The automated scoring of constructed responses has undergone significant evolution over the past three decades, and recent advancements in generative AI and natural language processing (NLP) have contributed to the improvement of technology for scoring purposes. Huseyn explains that “…AI-driven developments in the education assessment industry, specifically in scoring and feedback reporting, such as Microsoft Copilot or any OpenAI GPT-based tools, are being considered as integrated assistants to meet the need of marking. Alternatively, some assessment organizations may prefer to go beyond using integrated assistants and instead opt for specialized automated writing evaluation solutions available in the K-12 market designed specifically for this purpose, with fully controlled evaluation algorithms.” Huseyn’s research paper provides a comparative analysis (a framework) to support decision makers in choosing between GPT-based and specialized scoring systems.
Numerous studies have demonstrated the increasing potential of AI in scoring open-ended responses. For example, a study by Okubo et al. (2023) examined the use of AI to score Programme for International Student Assessment (PISA) constructed-response items.[2] A vast, historical collection of texts (reading and science literacy items) was used as training data to develop AI scoring models. The trained models were then used to score student responses, and the results were compared with those from human-scored responses. The researchers reported that, “The score distributions estimated based on the AI-scored data and the human-scored data are highly consistent with each other; furthermore, even item-level psychometric properties of the majority of items showed high levels of agreement…, and this new AI scoring methodology reached a practical level of quality, even in the context of an international large-scale assessment.”
A study by Atsushi and Eguchi (2023) explored the use of ChatGPT for automated essay scoring.[3] In the study, the researchers used 12,100 English essays written by individuals who took the Test of English as a Foreign Language (TOEFL) test in 2006 and 2007 and who represented 11 distinct native languages. Ultimately, the study involved 1,100 essays per language. Specifically, the study used OpenAI’s text-davinci-003 model. The results showed that automated essay scoring (AES) “…using GPT has a certain level of accuracy and reliability, and could provide valuable support for human evaluations. Furthermore, the analysis revealed that utilizing linguistic features could enhance the accuracy of scoring. These findings suggest that AI language models, such as ChatGPT, can be effectively utilized as AES tools, potentially revolutionizing methods of writing evaluation and feedback in both research and practice.”
An example of AI’s application in scoring comes from the United Kingdom (UK). As reported by Pinkstone (2025),[4] the AQA examination board is collaborating with King’s College London to develop AI technology designed to support exam paper scorers. In this project, AI is not meant to replace scorers. Instead, the purposes and potential applications are to:
“…reduce errors, make mark schemes fairer, and give quicker feedback to students.”
“…check the marks given by a human and detect any scores which seem erroneously low or high…”
“…check the quality of answers from students using language analysis machine learning and scrutinizing the relevance, factuality, coherence and logical reasoning of an answer.”
“…refine the mark scheme if there is a flaw in how marks are given to ensure fairer marking and also give AI-generated explanations to students as to why they did or did not get a question correct.”
The project leaders provide assurances that the virtual scoring assistant will be developed in collaboration with students, teachers, and subject experts. The system will be thoroughly tested before being launched, and the constructed responses will always be reviewed by human scorers as well.

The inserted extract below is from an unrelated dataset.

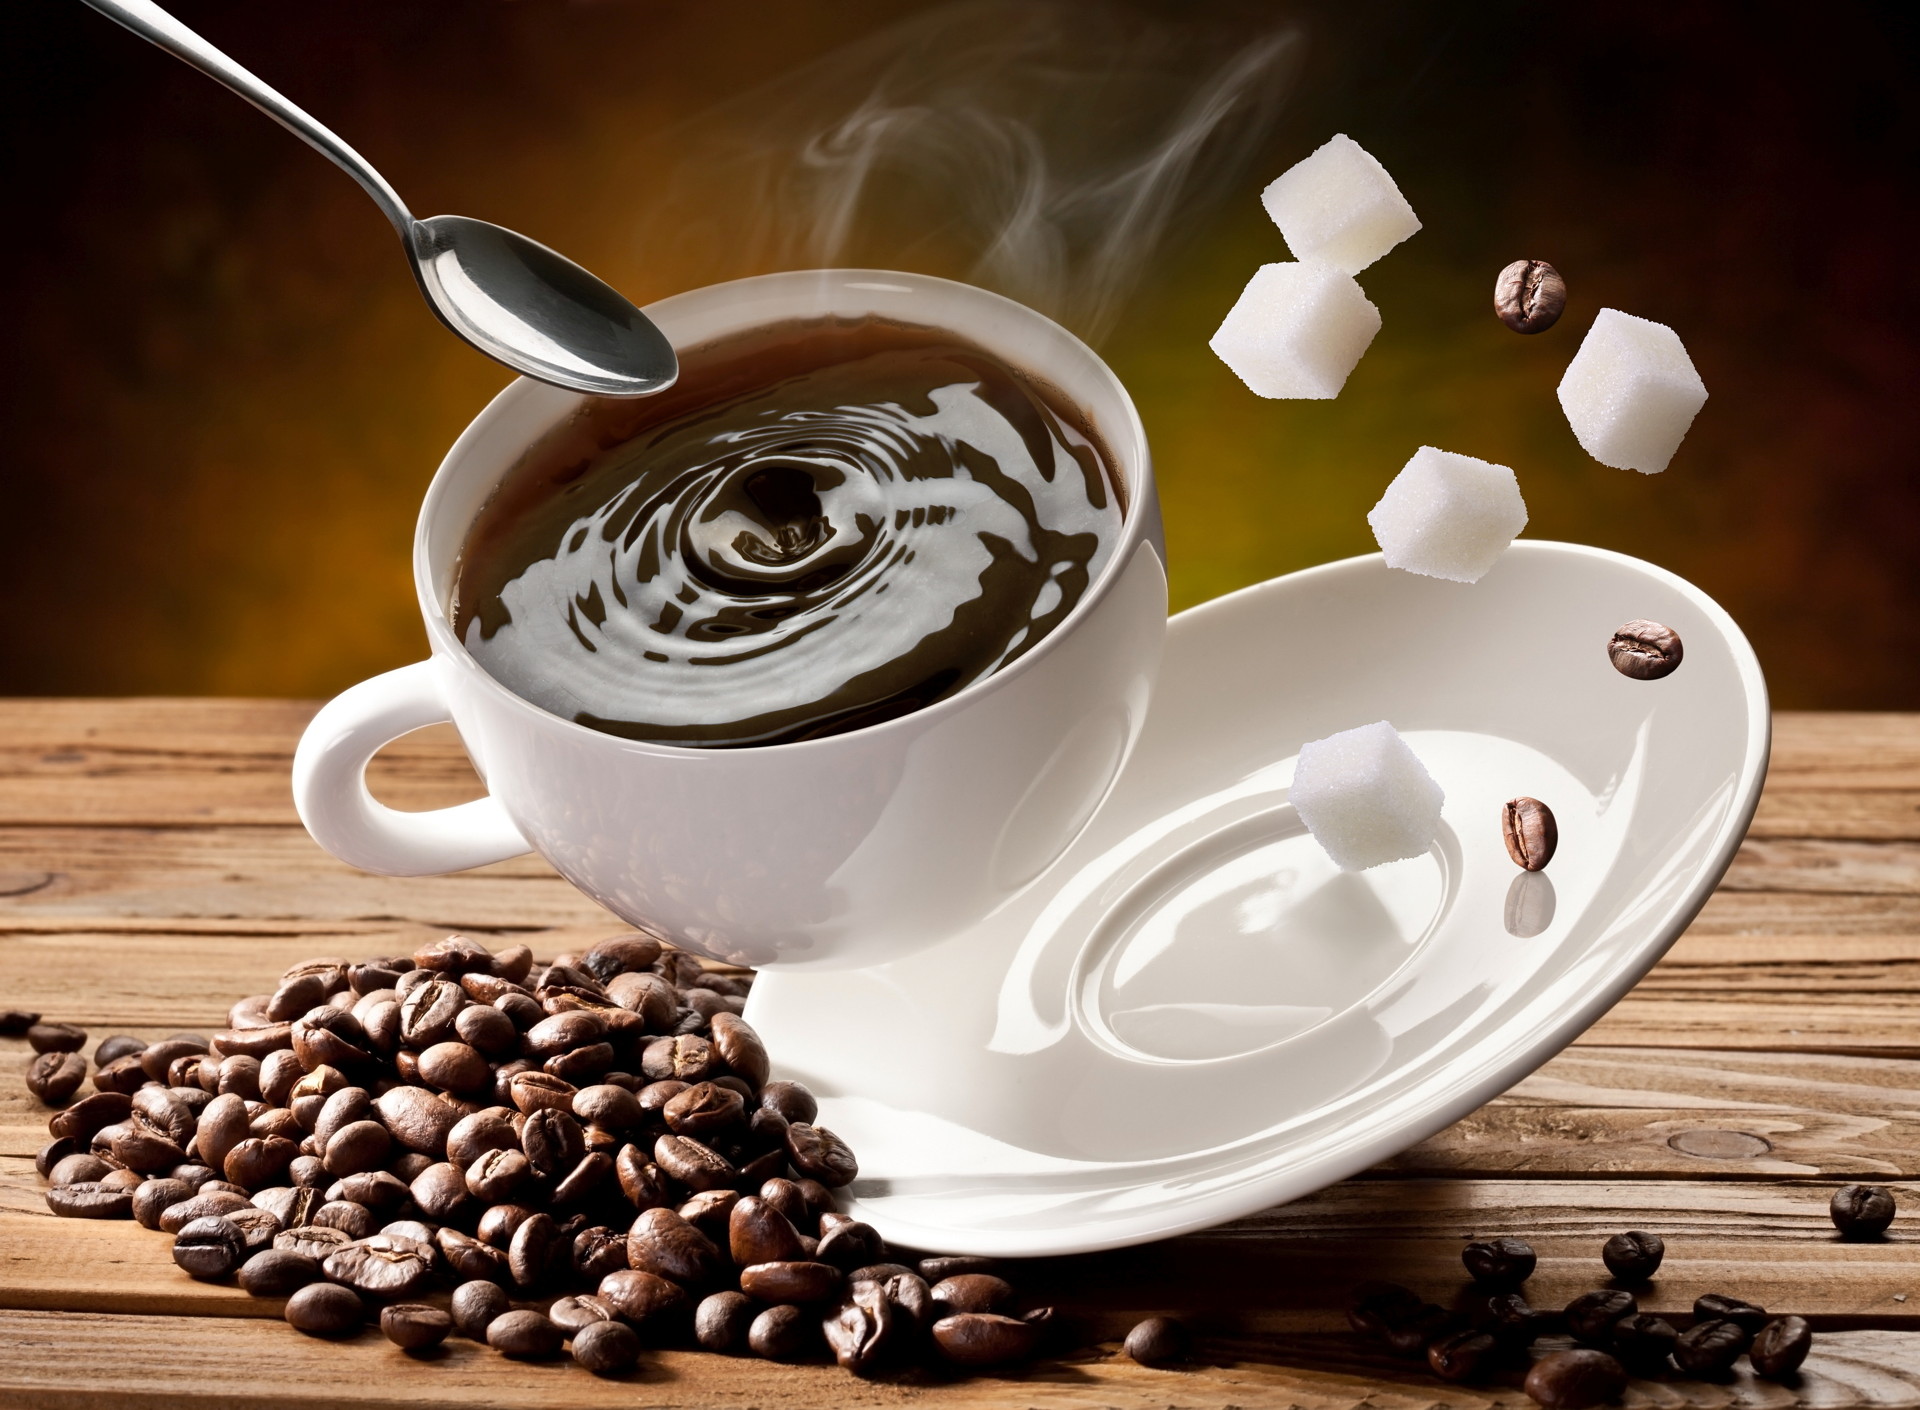 cà phê pha (2gói 1kg) emious cà phê chồn cao cấp, rang mộc tự nhiên, hạt arabica và robusta 100% nguyên chất, cà phê ngon tây nguyên 2
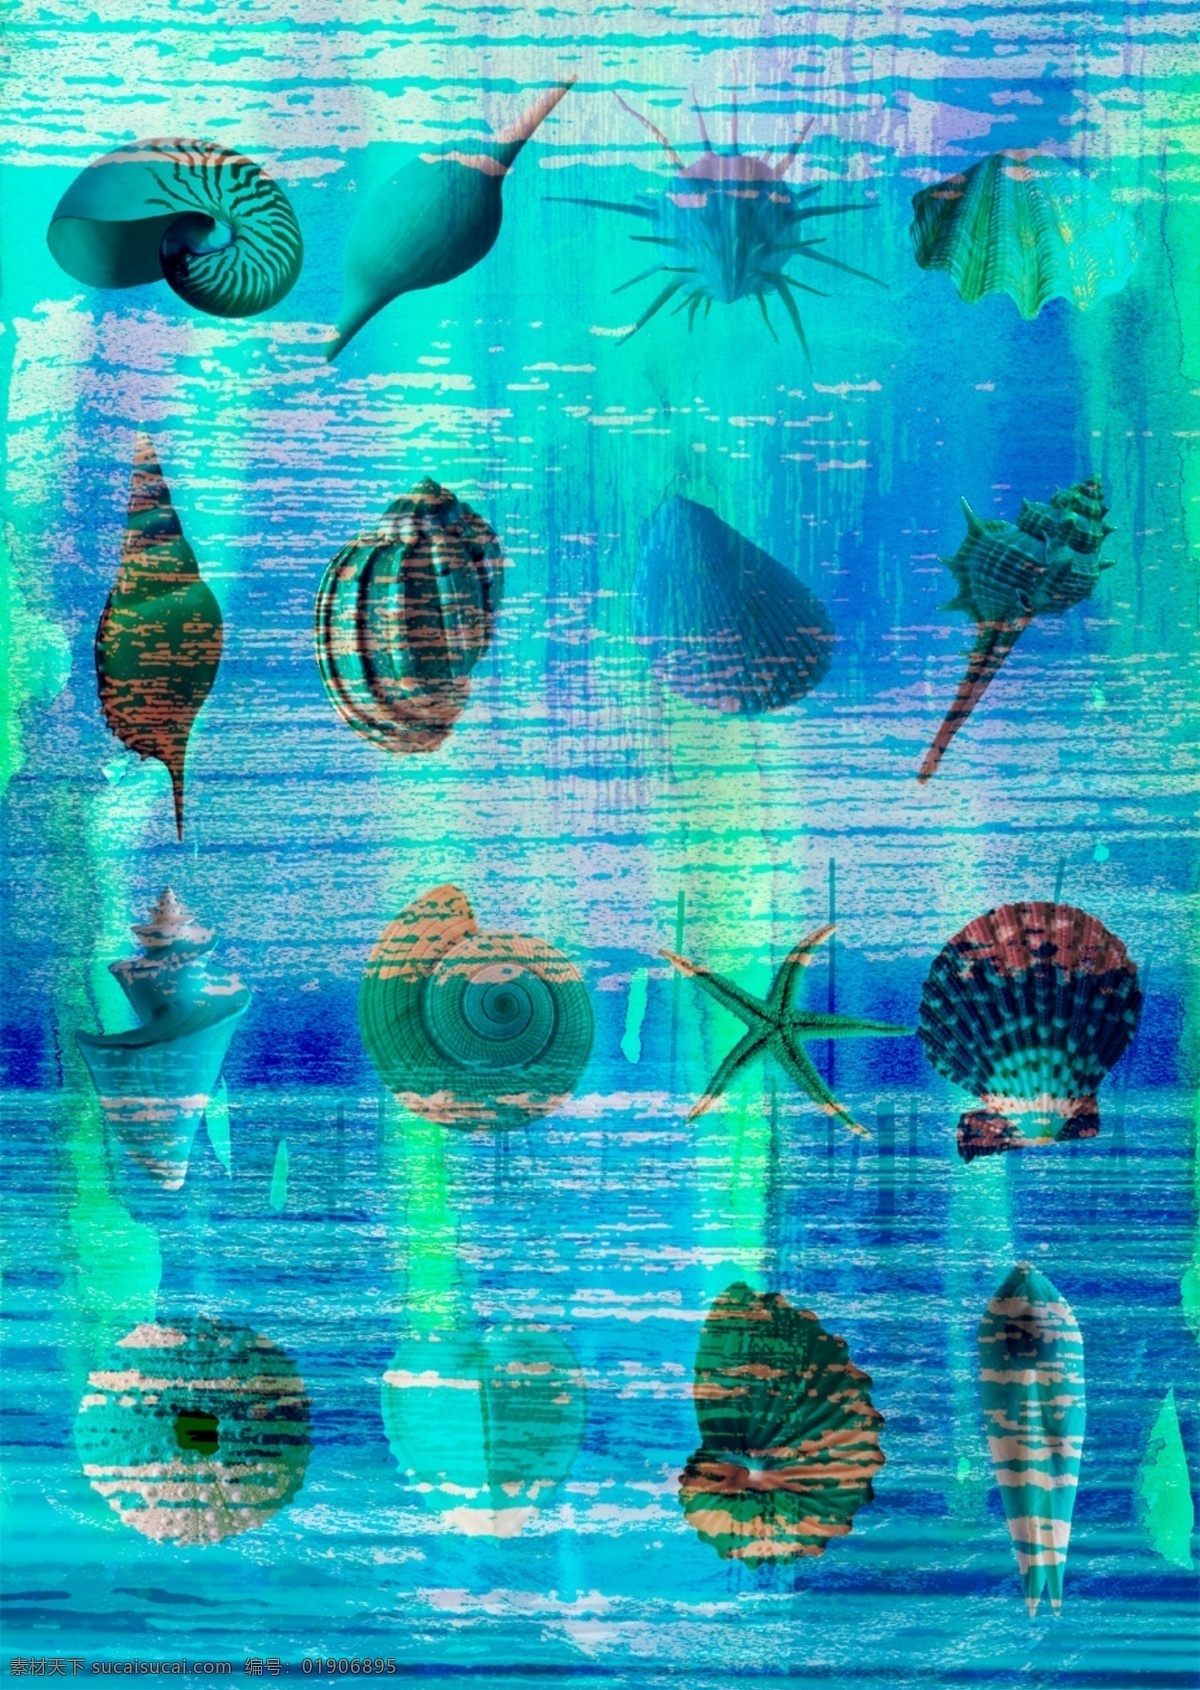 美国 视觉 设计师 作品 源文件 海洋 生命体 分层 贝壳 广告创意 海螺 海马 海星 幻想 回忆 科幻背景 蓝色海洋背景 收藏者 海带海草背景 记忆印象 psd源文件

In the United States (US), several jurisdictions, including Utah, Ohio, Massachusetts and Texas, utilize AI for various assessment scoring purposes, and many others are exploring AI’s potential for constructed response scoring. Massachusetts, for example, uses AI scoring for specific tests. According to the Massachusetts Department of Elementary and Secondary Education (dese)[5], human scorers are used for all constructed-response questions in Civics, English Language Arts (ELA), Mathematics, and Science and Technology/Engineering. A combination of human scorers and AI scoring is used for ELA essays. For ELA constructed responses (Grades 3 and 4) and essays in Grades 3-8, automated computer scoring provides an initial score. Trained human scorers provide a read-behind score on 10% of all responses. For ELA essays in Grade 10, all essays are scored twice, once by AI and once by a human scorer.
Beginning in 2024, students taking the State of Texas Assessments of Academic Readiness (STAAR) tests had their written answers for reading, writing, science and social studies scored automatically by computers.[6] The decision to transition to computer scoring was made following a redesign of the tests, which involved reducing the number of multiple-choice items and significantly increasing the number of constructed-response questions/tasks. In developing the scoring system, the Texas Education Agency (TEA) utilized a field sample of 3,000 student responses that underwent two rounds of human scoring. From this sample of scored responses, the automated scoring engine learned the characteristics of the responses and was programmed to assign scores identical to those a human would have given. As students completed their tests, the scoring system first graded all the constructed responses. Approximately 25% of them were rescored by human scorers. In instances where the computer system had low confidence in its assigned scores, they were reassigned to human scorers for review. Similarly, when the system encountered a type of response that its programming did not recognize (e.g., use of many slang words/expressions, words in languages other than English), it was reassigned to a human. Additionally, a random sample of responses was automatically forwarded to humans for verification of the automated system’s accuracy.
In Canada, the majority of jurisdictions (provinces and territories) have transitioned their large-scale student assessment programs from paper-based to computer-based formats, with Vretta serving as the technology partner supporting this modernization. These jurisdictions have implemented digital platforms that include online human scoring and integrated workflows designed to support large-scale assessment delivery.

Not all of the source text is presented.